Many thanks in advance for any advice

asked Oct 10, 2016 by varnis FEniCS Novice (390 points)

1 Answer

+1 vote

Let V be the finite element space of your Cahn-Hilliard type problem which, if I understood the question correctly, has two components. Let W be the auxiliary space of the laplace problem which, if I understood the question correctly, has one component. Make sure to use the same FE for both V and W.

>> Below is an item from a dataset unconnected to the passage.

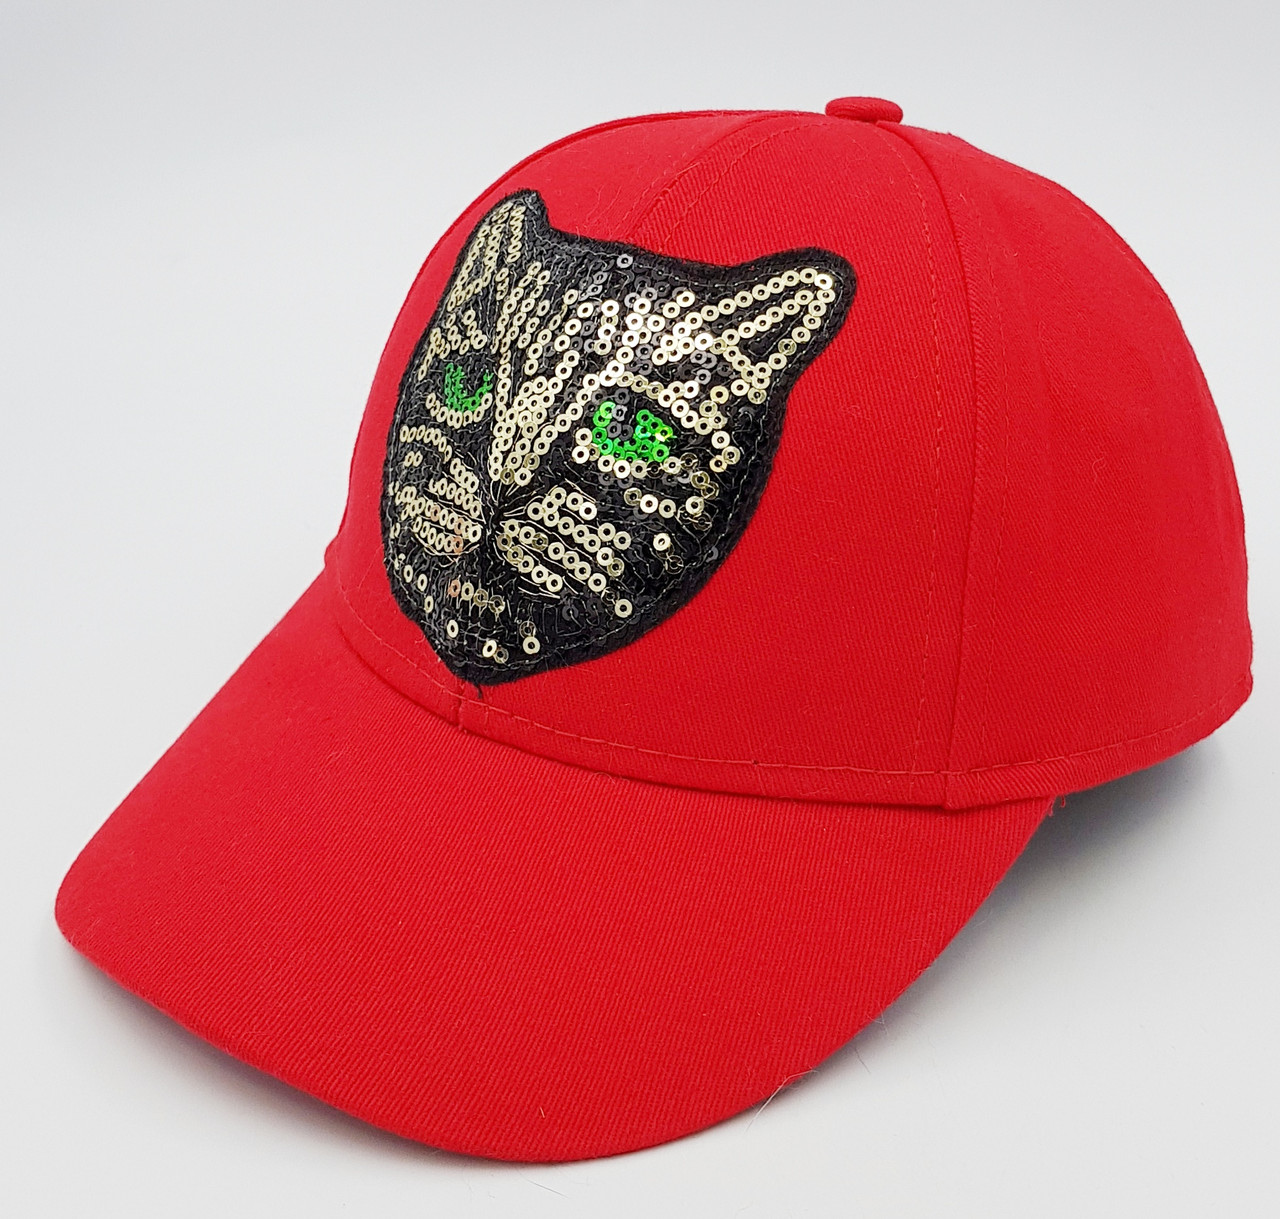 Женская бейсболка Klaus Кошка  Коттон Красный One size -Демисезон (036-К)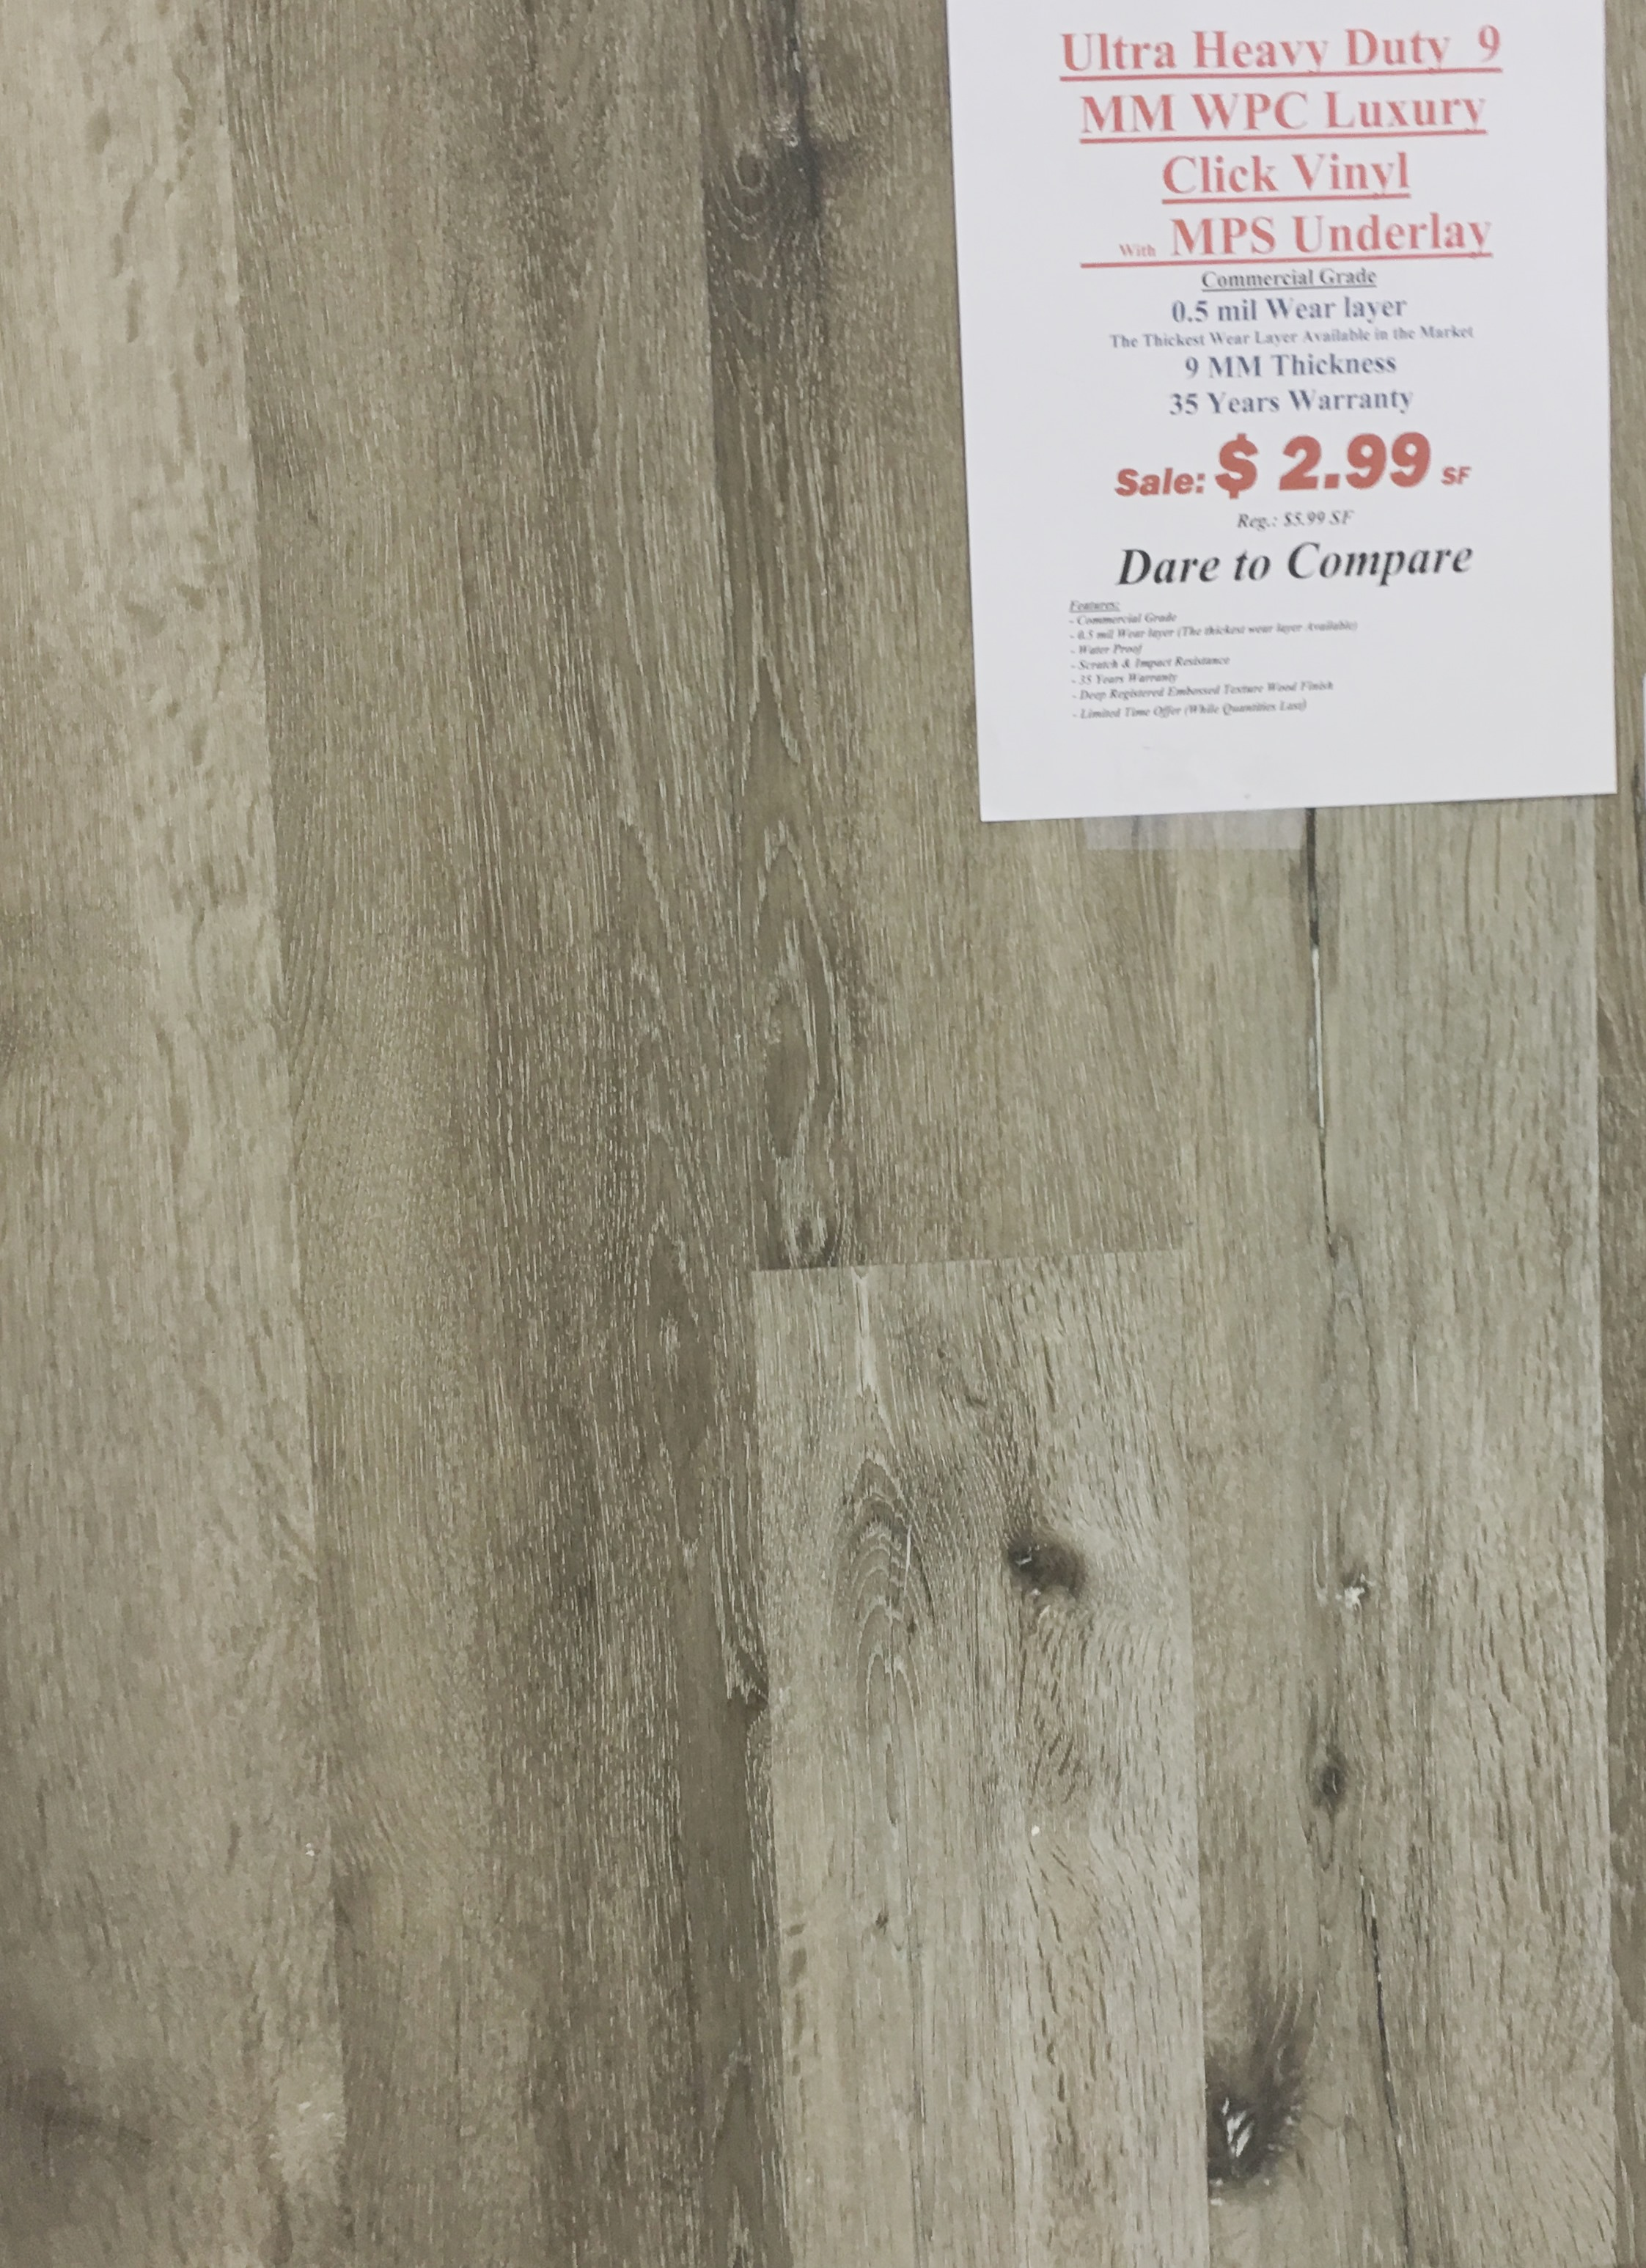 Wpc luxury vinyl mm w mps underlay canada flooring rugs

Please consider defining an Expression for "-np.tanh(5(x[0]-1-0.05cos(6.28*x[1]))", project it to W and then assign it to the initial guess. In a similar way, assign also mu_0 to the initial guess.

Pseudo code:

expression = Expression("tanh(....)", element=W.ufl_element())
initial_guess_0 = project(expression, W)
initial_guess_1 = mu_0

initial_guess = Function(V)
assign(initial_guess.sub(0), initial_guess_0)
assign(initial_guess.sub(1), initial_guess_1)

Best regards,
Francesco

answered Oct 15, 2016 by francesco.ballarin FEniCS User (4,070 points)

Hi Francesco,

That answers half of the question (the technical half!), my understanding is that to use the NonlinearProblem approach we need to set up the class InitialConditions? This is then evaluated by the solver, but there doesn't seem to be provision for passing the guess mu to the eval method?

Apologies if this is an obvious question, but my understanding of python is somewhat rudimentary and this seems like a fairly standard thing to want to do?

if F is the residual of your equation, a simple

  solve(F==0, initial_guess, boundary_conditions)

should suffice. Note that at the end of the nonlinear iterations the problem solution will be stored in the initial_guess function. In a similar way for NonlinearProblem, it shoud be enough for you to provide the function where the initial guess is stored.